A video of an Arkansas man giving his grandsons a two-armed hug for the first time has touched the hearts of many and is drawing attention to adaptive equipment that can make a big difference for people with disabilities.
Emily Sisco, an adjunct professor of occupational therapy at Arkansas State University, shared the now-viral video on Facebook on Feb. 2. The clip shows her dad, Kevin Eubanks, tearfully holding his grandsons, Cope, 9, and Rigney, 6. Eubanks’ left arm was injured following a stroke in 2014 but last month, with the help of a soft, stretchy wristband tool, he was able to link his arms into a circle shape and lift them together for a warm embrace with the boys.
Eubanks, 60, said the special moment was “overwhelming” and one he couldn’t have imagined eight years ago. “It caught me off guard and as you can tell, it was very emotional for me because the family I grew up in, we always love to hug each other with both arms and it's what we call giving a bear hug, and that is just something that I hadn't been able to do since my stroke,” Eubanks explained to “Good Morning America.”
He went on, “I got to hug my second one, Rigney, which was born after my stroke. The realization really hit me then that this is the first time I've got to hug him like that with two arms. And I just could not control it then. I just cried and cried and cried.”

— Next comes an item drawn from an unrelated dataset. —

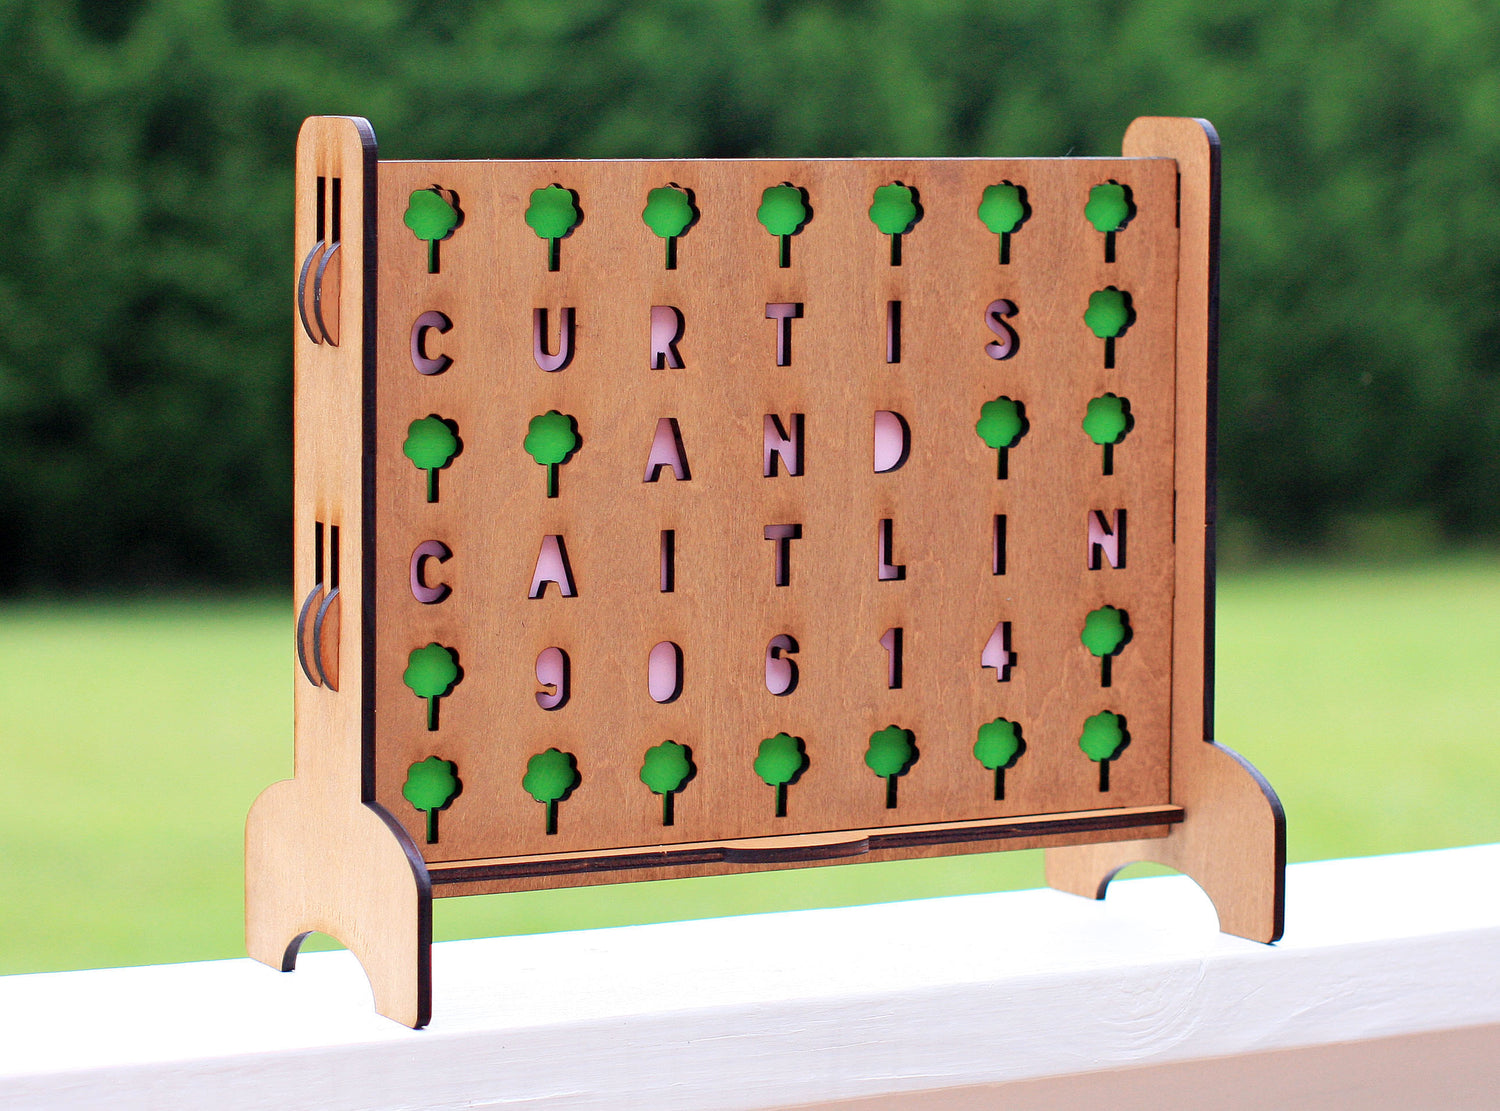 All Tabletop Connect 4 Games

It’s a significant breakthrough for Eubanks, who, at 52, suffered a stroke that temporarily rendered the left side of his body paralyzed. He said doctors told his family at the time that he might not even live. But in the years since, Eubanks has worked hard to make a strong recovery. Watching the therapists who helped her dad even inspired Sisco to pursue occupational therapy as well.
“She saw how much work they were doing with me in the facility that I was in and it just touched her heart to where she wanted to be able to help people,” Eubanks said. “And that's when she went back to school and got her degree.”

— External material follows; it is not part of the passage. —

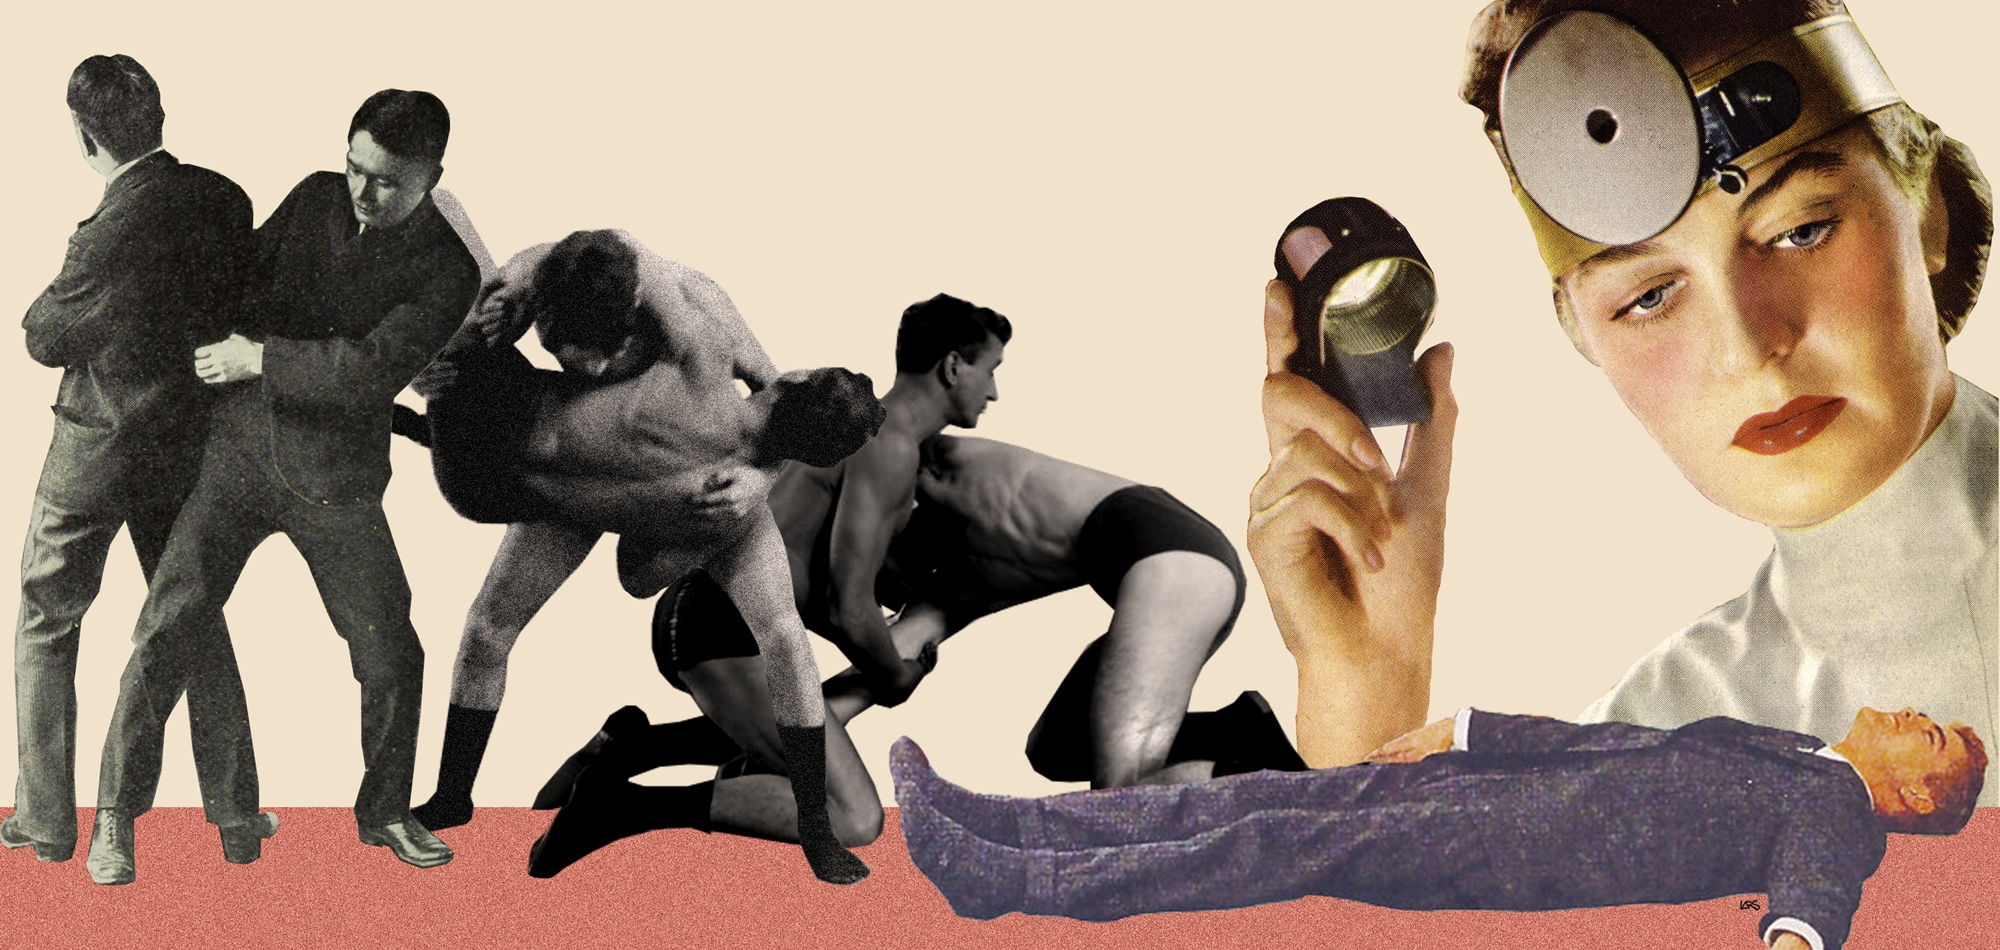 Masculinities, body and health

Sisco’s Facebook post has nearly 5 million views in just over five weeks. It has also shined a spotlight on the wristband tool Eubanks used.
Initially named the “Hugger” and now called the “HugAgain,” the tool is a prototype created by Arkansas State University students Erica Dexter, Larissa Garcia, Lisa James and Casey Parsons, all students of Sisco’s in the occupational therapy assistant program. The "HugAgain" is one of several adaptive tools, including an adaptive fishing pole, card holders and a soap holder tool -- all made by Sisco's students.
In January, Sisco gave her technical skills class a case study and two weeks to create a tool that would benefit the client in the case. In the past, Sisco said she gave students a fake scenario to work with. But this time she decided, with Eubanks’ approval, to present her own father’s real-life story and post-stroke experience for the class assignment.
“When we asked what is one thing that you would like to return doing and he said, hug again with two arms, we just knew that we had to help him get there,” Parsons explained to “GMA.” “We were all in agreement that giving him a hug was occupational-based, it was meaningful to our client, and it was something that we could do or at least try to do.”
The team got to work brainstorming ideas, addressing questions and figuring out technical details like the type of material they wanted to use. The “HugAgain” came together quickly – all within two weeks.
“We kind of went through some options of how we could make something to lift his arm up and we just ended up simplifying it because it really is pretty simple. But it's just something that people don't think of,” James said.
The team has since received messages from around the world, asking for more information about the “HugAgain,” so they set up a Facebook page and decided to perfect the design and plan to sell it when it goes into production.
“If you make money off of it, then that's just icing on the cake, but that's really not our motivation for what we're doing,” James said. “We really want to see more reactions like Ms. Sisco's father, and just see how many lives that can be touched through this one small device.”
Added Dexter: “It's a thing that a lot of people take for granted. But you know, once it's gone, you do value that and you can value that again.”
James said the project taught her and her classmates not to overlook each person’s unique needs. “Even just the small things can be just as important or more important to an individual than what our plans are for that person," she said. "So I think it was a good lesson to really listen to what they're telling us and not what we think they need."
Eubanks said at the end of the day, the HugAgain and its impact is nothing short of extraordinary.
“I want people to know: Don't ever underestimate the effect of a touch of some kind, no matter if it's a handshake, a hug, or just putting your arm around somebody. That personal touch sends a message to that person that you love them and that can do so much to a person's confidence and mindset.”